难道刚才都是装的?
但宁相宜没管他,他爱坐哪里就坐哪里。
口袋里安静许久手机的突然震动,是宋言之打来的。
她手指朝向往绿色的接听键一滑,接听。
“没在家?”
宁相宜扒拉了下额前的碎发,沾了点汗,说话有气无力的,“没,在山上呢。”
“你去我家了?”她很快想到他为什么会这么问。
“嗯,来给你送早餐。”
宋言之接到书岚的嘱托,说她一个人在家三餐就不按时吃,便打包了一些吃的过来,结果按了半天门铃没人应。

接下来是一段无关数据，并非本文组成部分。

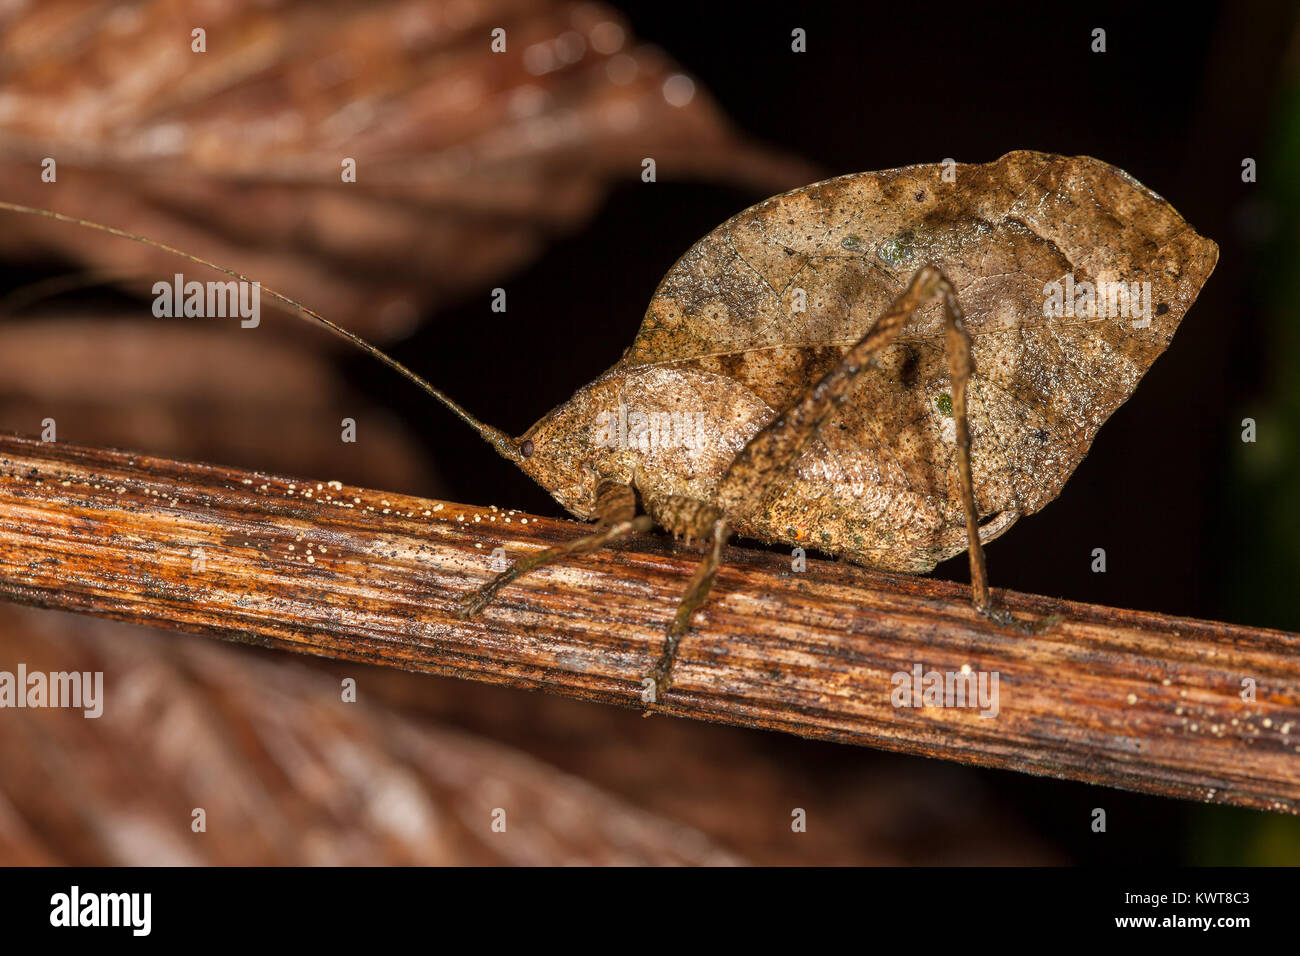 A well-camouflaged dead leaf-mimicking katydid (Order Orthoptera, Family Tettigoniidae) in the lowland rainforests of Peru. An excellent example of cr Stock Photo

宁相宜低头在看腕表上的时间:“哪有人快十点了才来送早餐的啊。”
宋言之笑了笑:“这不是你的起床时间吗。”
宁相宜:“……”
她也不是天天睡懒觉的好吗。
宋言之大概猜到宁相宜一大早去山上所为何事。
深城就一座山,刚好有座寺庙,不少人去那里求姻缘求平安的。
依她的性子不是个爱爬山的人,估计是去寺庙祈福。
“一个人去的?”他问。
宁相宜看了眼旁边的徐渐白,他在仰头喝水,眉眼漆黑,干净利落的下颌线,喉结在滚动。
她别过脸,心想他又不是跟自己一起来的,只是路上刚好碰到而已。
于是她回:“对啊,一个人。”
徐渐白冷笑一声。
手里的矿泉水瓶不自觉捏紧,瓶身受到挤压瞬间变扁。
他离得近,刚才余光瞄到她的来电显示,知道现在在跟她通话的人是谁。
那个叫宋言之的男人。
他无意探听两人之间的对话内容,起身离开。
刚走没多久,有对情侣刚爬上山,也坐下来休息,女生喝着男生递过来的水,“亲爱的,还好你刚才给了我一颗糖,不然我低血糖就犯了。”
宁相宜闻言一顿。
电话里宋言之说的话也没听清。
想起刚才徐渐白给她的那颗糖。
她欲开口问些什么,却发现旁边早已没了男人的身影。
—
宁相宜求了个平安符,希望她妈妈明天手术一切顺利。
她回头看了眼身后,庄严肃穆的佛殿内,午后阳光透过雕花窗棂落下,光影浮动。
人群熙攘,没再看到徐渐白的身影,也不知道他去哪里了。
寺庙里有斋饭斋面供应,宁相宜填饱肚子后下山。
她不知道,身后有个人一直在跟着她。
宁相宜本来想回家,转念一想,还是去了医院。
书岚早上做了术前检查,结果要下午才出来,她的身体符合做手术的指标,接下来就是准备明天手术的事情。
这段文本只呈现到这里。